A Course on Athenian Democracy that Invites Reflection on Students’ Place in the American Democracy

Owen C. Cramer (Colorado College)

In the mid 1990s, after teaching Greek history in various formats for 30 years, I determined to focus more clearly on the institutions of democracy, and to encourage students to reflect, as part of the course, on the current state of the American democracy and their position in it. This was provoked in part by the recent 2500th anniversary of Cleisthenes’ reforms, celebrated by American classicists for example in the Demokratia volume edited by Josh Ober and Charles Hedrick (Princeton UP 1996), and by my own surge of neighborhood activism regarding a much-loved hike-and-bike trail along a historic railroad right-of-way and urban creek.

The result was a new course number and description:  Classics 250—Athenian Democracy, with readings (in the 5 iterations so far: the sixth will take place in November-December 2006) from Aristotle’s Ath. Pol., Herodotus and Thucydides, various Athenian dramatists and theorists and modern historians from Peter Green to Donald Kagan. Students are also required to “inventory [their] own political practice and theory: take the political compass questionnaire at http://www.politicalcompass.org/ and look at the Pew Center typology at http://people-press.org/reports/display.php3?ReportID=242 .”
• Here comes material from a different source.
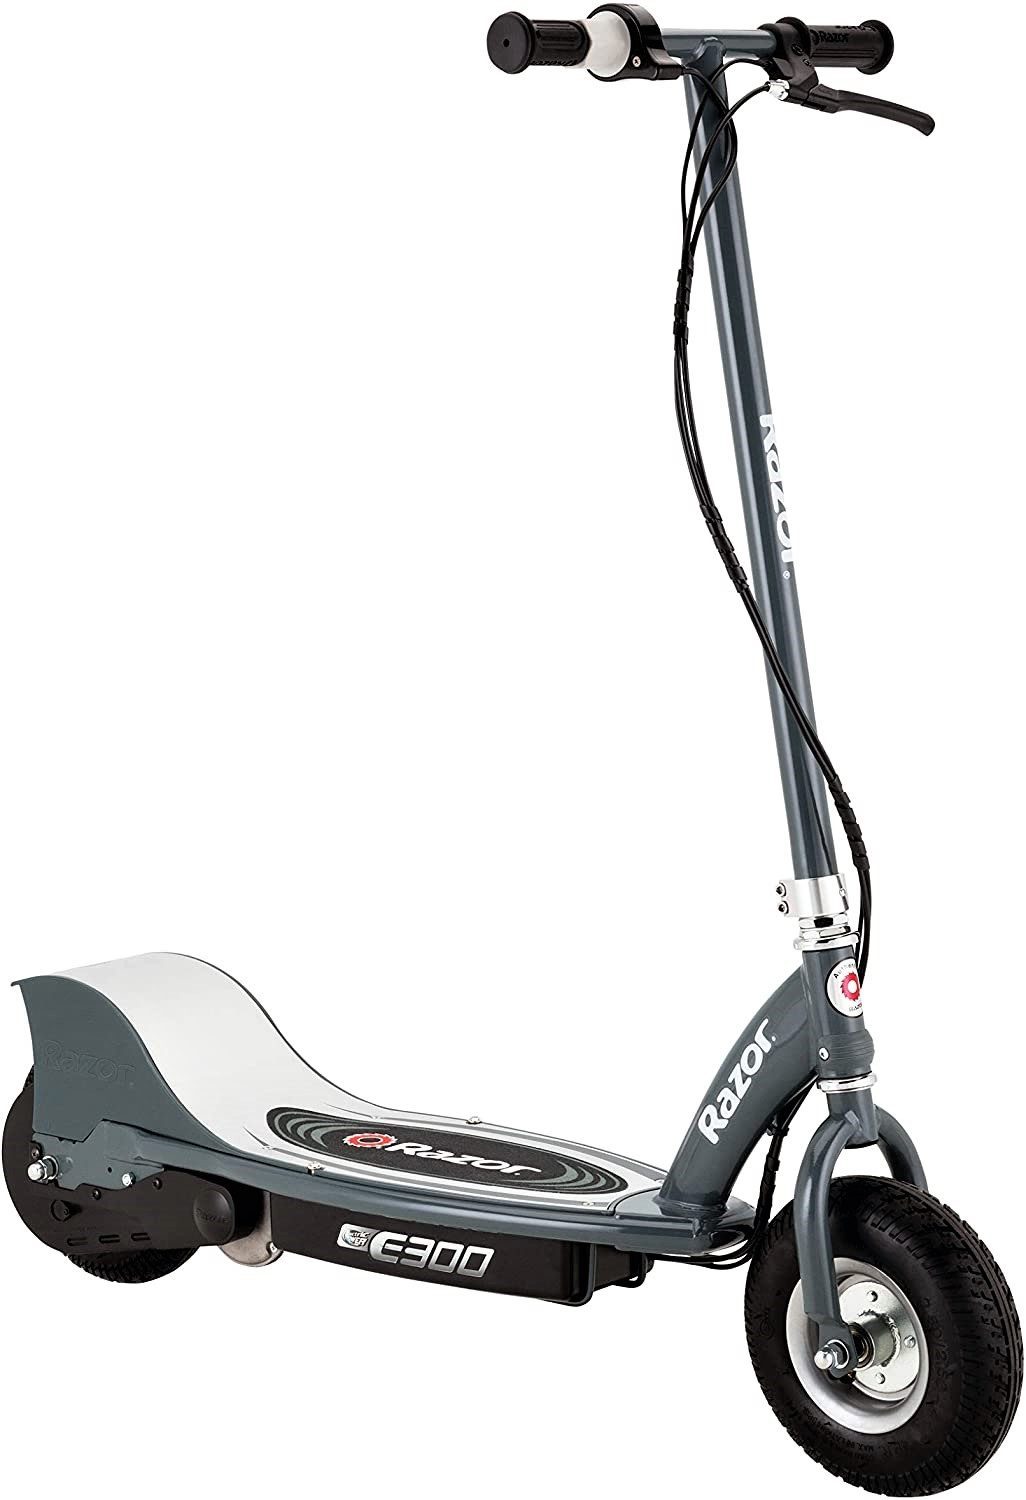 Razor E300 Electric Scooter Review for Adults & Teenagers

During a number of iterations of the course, students have been required to attend meetings which I thought to be the modern equivalents of the activities of the Ecclesia and Boule and the up to 140 boards of ten, annually selected by (almost universally) random allotment, that did the work of Athenian democracy. For each meeting submitted for credit, the student has been required to submit a “reflection piece” either to the course e-mail folder or to the class in an oral presentation. Sometimes, we have gone together to the Colorado Springs City Council meeting and I have introduced the class to these local politicians: to the class I have emphasized that Colorado Springs today is about as large, in population and—if we include the county—land area as Periclean Athens.
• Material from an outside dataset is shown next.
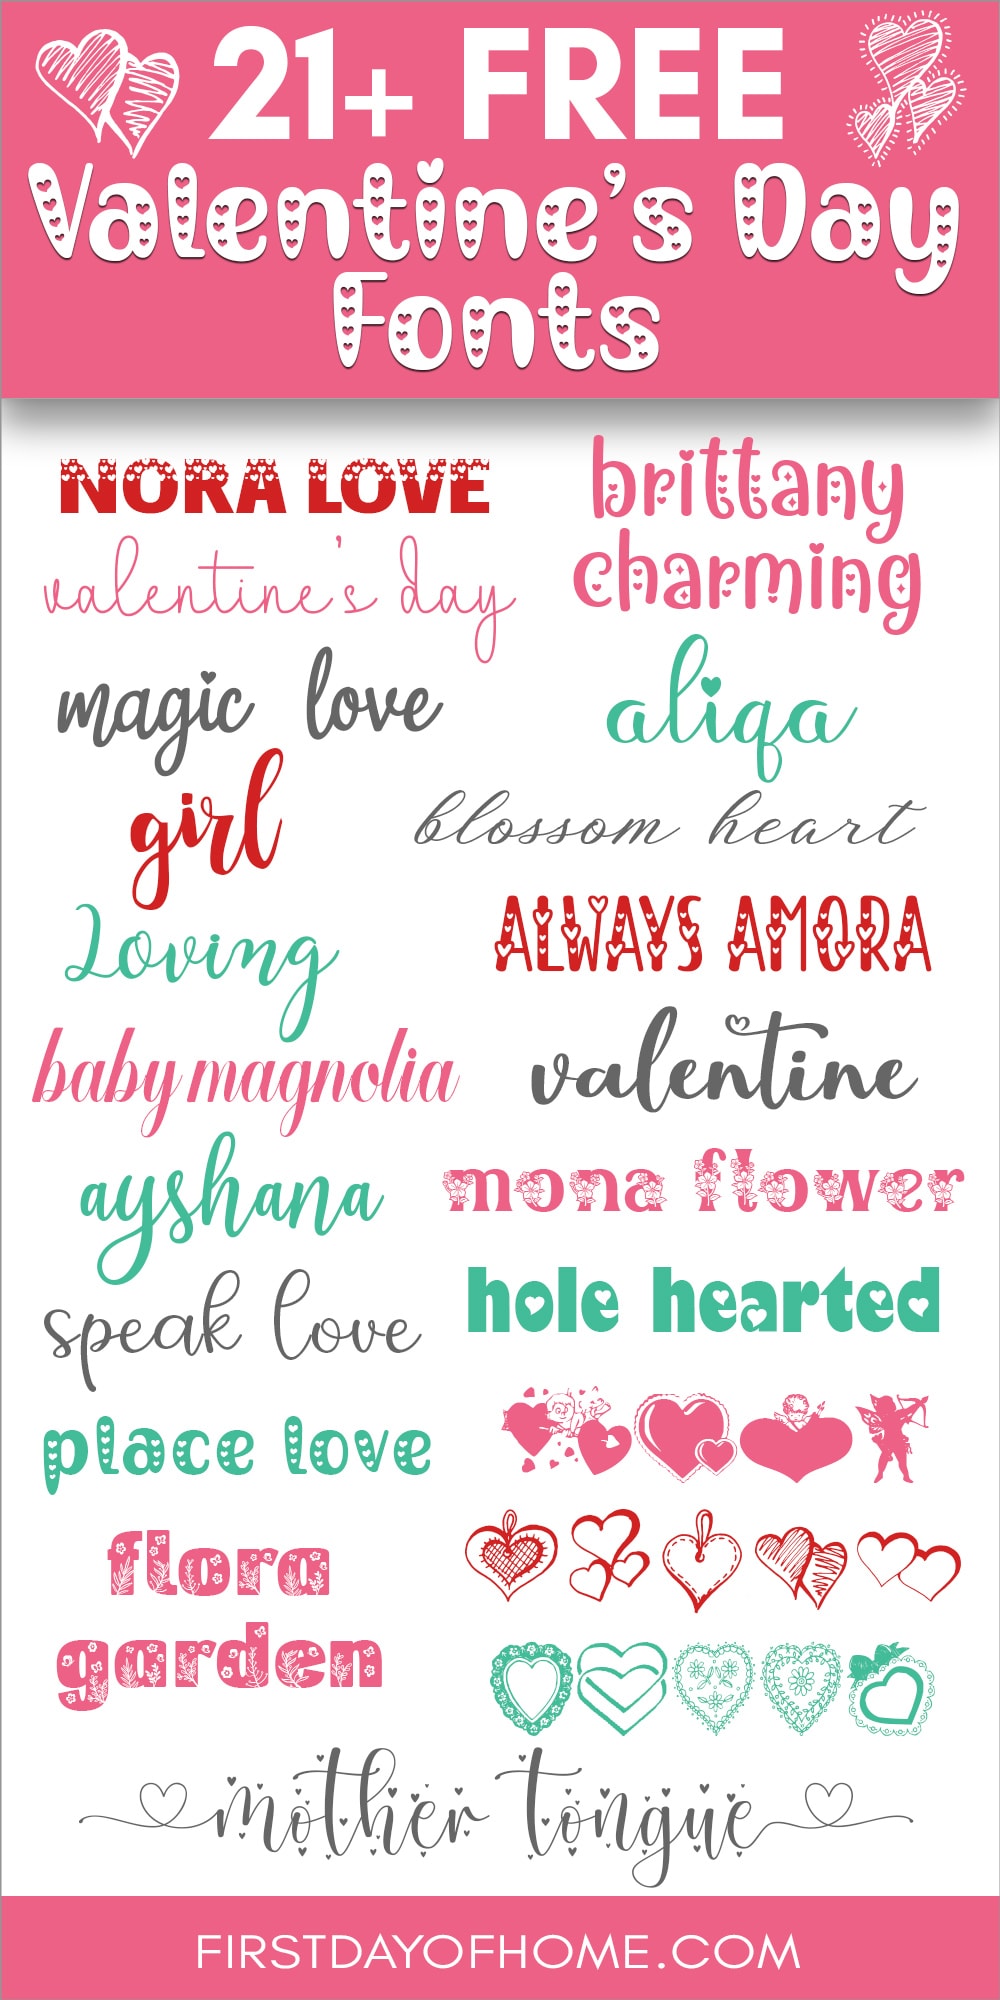 Collection of various free Valentine's Day fonts with text overlay reading "21+ Free Valentine's Day Fonts"

In 2004, the start of the course—in the Colorado College block system—coincided with the national election, and, after orientation on Monday, I required the students to participate in appropriate roles in the election. I myself did GOTV work for my party, but (it turned out) none of the students were so minded or prepared. They reported in course on their efforts to vote (significant and controversial delays were experienced in the principal campus voting precinct), on their detached or enthusiastic perusal of TV election returns, and (in one case of an outstanding Chinese exchange student) on the alienating experience of watching the American political apparatus in action. Post-election discussion was an interesting mix of happy reflection by Republican students with despair by others (including myself, with a certain professional restraint on my part).

The 2006 version of the course begins on November 27, safely after the mid-term elections and with no legislatures likely to be in session: even our local City Council and County Commission go into holiday recess. Students’ reflection on their democratic participation may take many forms, from the cool detachment I found last time in students whose Political Compass coordinates closely approximated 0,0, to (what I hope for) renewed engagement with American tradition in the light of Periclean ideals expressed in the Epitaphios. We’ll see.